Treatment should consist of an individualized combination of surgery, radiotherapy, chemotherapy, and antiestrogen hormonal therapy.
Keywords: adenocarcinoma of mammary-like glands in the vulva, ectopic primary breast cancer, primary breast carcinoma of the vulva
INTRODUCTION
Ectopic breast tissue can occur anywhere along the primitive milk line, extending from the axilla to the groin, as a result of incomplete involution of the ectodermal mammary ridges during embryologic development.1–3 Primary breast carcinoma can occur at ectopic sites. The axilla is the most common site of ectopic primary breast cancer, but presentation in the vulva is rare. To date, approximately 36 cases of ectopic primary breast carcinomas of the vulva have been reported in the literature. Here, we discuss a rare presentation of primary breast carcinoma of the vulva with distant metastases to lymph nodes and bone in a premenopausal woman.
CASE PRESENTATION
Presenting Concerns
A 47-year-old, multiparous, premenopausal woman was referred to the Gynecologic Oncology Department at our institution with a diagnosis of a vulvar malignancy. The patient noted a mass in the right vulva approximately 1 year before presentation. She presented to her local gynecologist about 6 months later when she noted more swelling, pain, and some bleeding from the mass. Excision of the right labium majus was performed. The patient was otherwise healthy and had no remarkable medical history.

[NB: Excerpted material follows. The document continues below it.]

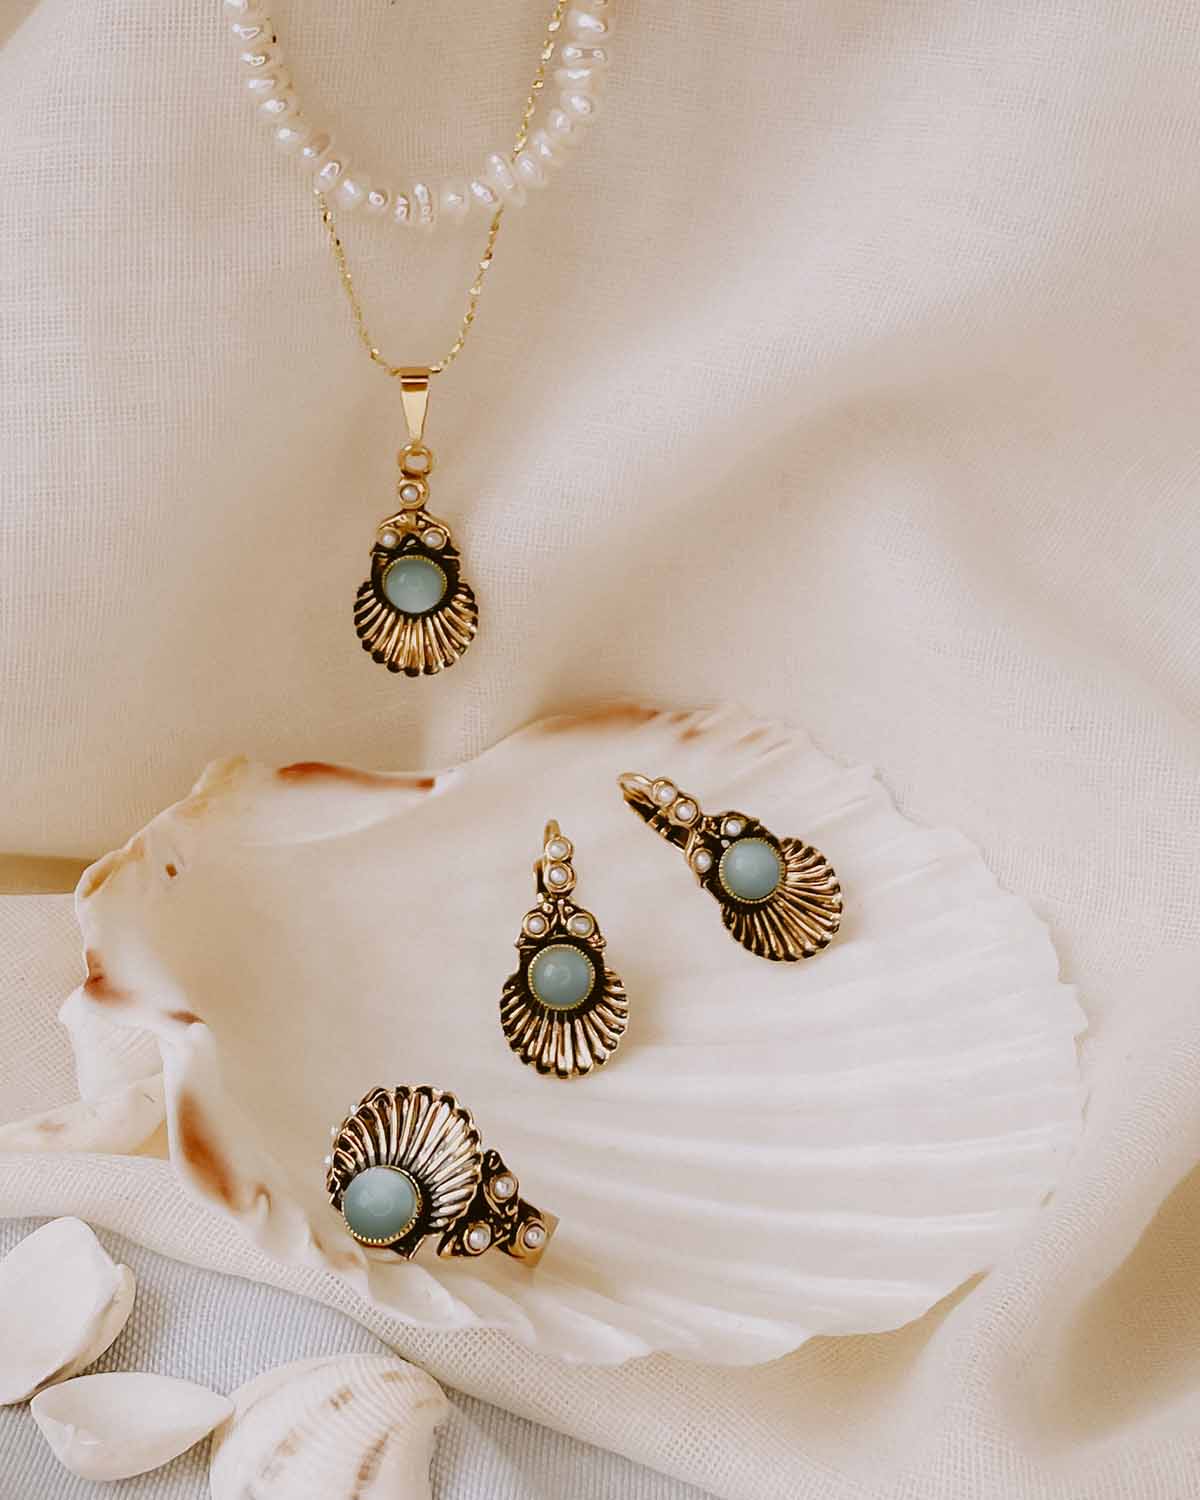 The Rio Marina Pearl Necklace (Marina Edition)

A review of pathologic slides from her presenting institution showed a 2.7-cm adenocarcinoma invading subcutaneous tissue, epidermis, and dermis with skin ulceration. Multifocal lymphovascular and extensive perineural invasion was noted. Deep surgical margins were involved by adenocarcinoma, but the peripheral surgical margins were clear. Immunohistochemical stains demonstrated that the adenocarcinoma was diffusely positive for GATA-3 and negative for CK7, CK20, CDX2, PAX-8, and CD56. The morphologic characteristics and immunophenotype were consistent with adenocarcinoma of mammary gland type vs a poorly differentiated vulvar adnexal tumor (less likely) and was considered to either originate from the vulva or be metastatic from the breast. No benign ectopic breast tissue was identified.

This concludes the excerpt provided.